During Vermont’s long, cold winters there’s no chance of encountering a snake. But they're here, hidden below the frostline until spring arrives. Vermont is home to eleven native snake species, including the only rattlesnake to call the Northeast home, the eastern timber rattlesnake. But these reclusive animals are at the northern end of their range and only a small population exists after years of human persecution and habitat loss. Today concerned conservationists are working hard to ensure Vermont's only venomous snake remains part of our natural heritage.
Black racers were thought to be extinct in Vermont until a young road-killed racer turned up in Putney in 1985. After discovering an isolated population of black racers on a routine search at a wildlife management area in the state, the Reptile and Amphibian Scientific Advisory Group, along with the Vermont Fish and Wildlife Department and the Vermont Agency of Transportation (VTrans) are monitoring these snakes. This isolated population of snakes is using a strip of land under a power line that passes through state-owned land as well as a projected work site for VTrans. With funding from VTrans, researchers surgically implanted radio transmitters in two adult racers to help track the habitat needs of the snakes year round. The research is a collaborative effort to ensure that the needs of the snake and the project are met. Black racers average about three to five feet in length. Some adult females can grow upwards of six feet. Young racers are gray with large brown, black or reddish blotches down the back (the pattern fades as they get older). Their skin has a satin-like sheen to it. Finding a racer is very difficult. They live in a variety of habitats including rocky ledges, pastures and overgrown fields. They're extremely fast, which is probably why they are called "racers." They're non-venomous, but will defend themselves if threatened. When startled, a racer has been known to make a run at its attacker with its head up. They'll also rattle their tails in dry leaves, mimicking the sound of a rattlesnake. The ultimate goal of the advisory group is to maintain the current racer population and increase it by managing the feeding, basking and wintering areas the snakes inhabit while keeping an eye out for evidence they are reproducing. Host Lawrence Pyne joins members of the Reptile and Amphibian Scientific Advisory Group as they attempt to locate two racers tagged with transmitters.

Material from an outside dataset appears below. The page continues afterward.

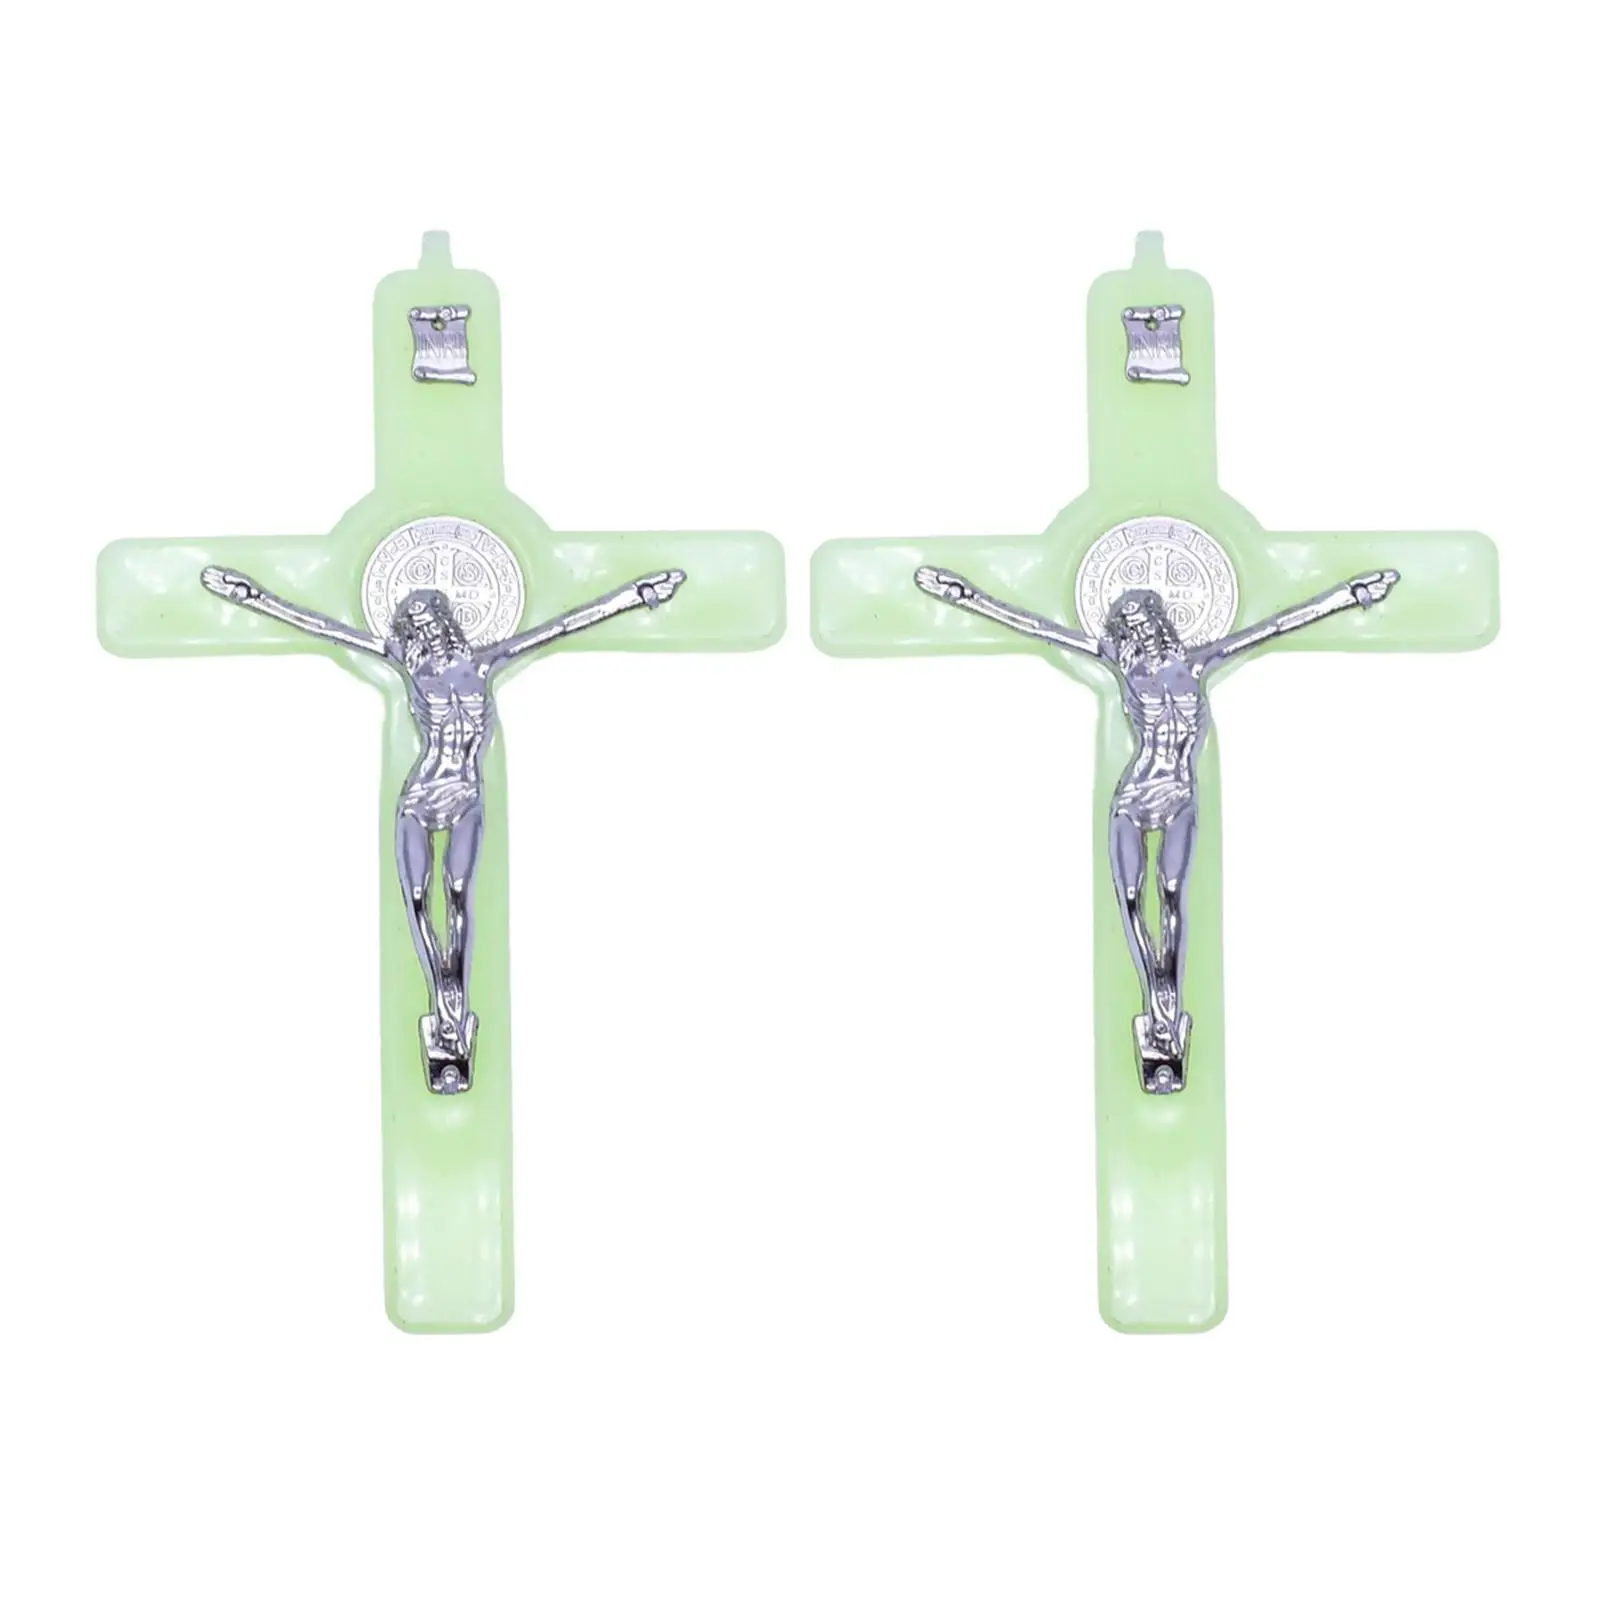 Vintage Jesus Cross Crucifix Ornament Pendant Wall Ornament Hanging Decor for Church Decoration for Home Decoration Compact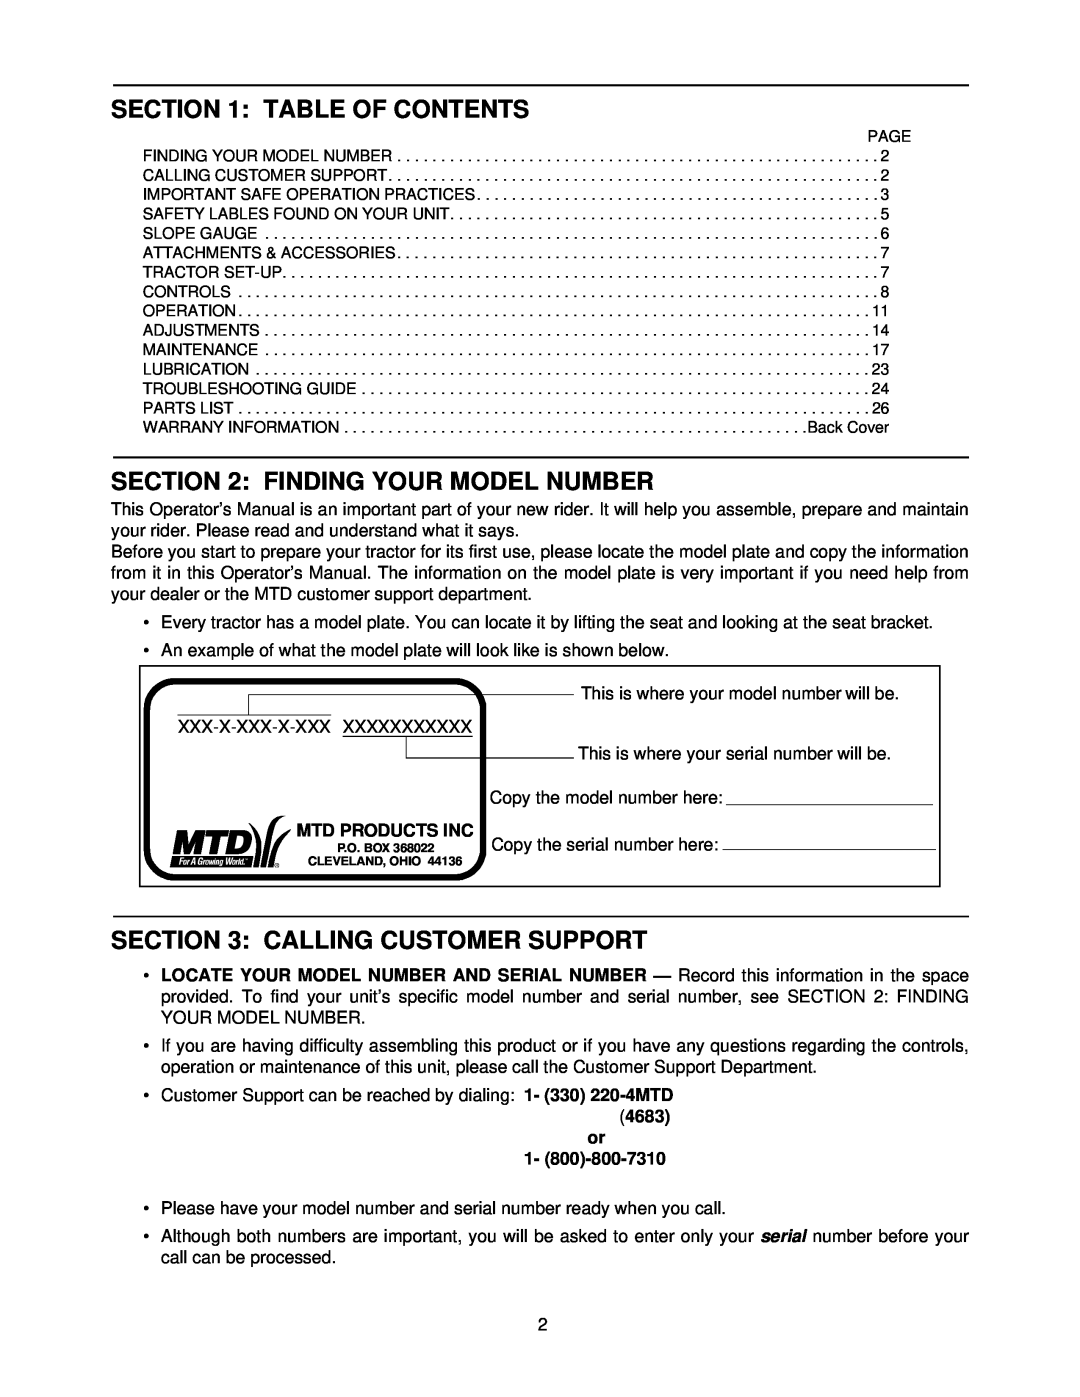 Yard-Man 247.27432 manual Table Of Contents, Finding Your Model Number, Calling Customer Support, Mtd Products Inc, 4683 or

Mention the word “rattlesnake” and the reaction you’ll get is either awe and fascination or fear and loathing. Timber rattlesnakes are listed as an endangered species in six of the 27 states that they inhabit from New Hampshire to northern Florida. Here in Vermont at the northern extent of their range a small population exists and is barely holding on after years of persecution. Today wildlife biologists, the Nature Conservancy and concerned volunteers are taking steps to ensure that timber rattlesnakes survive and thrive in Vermont.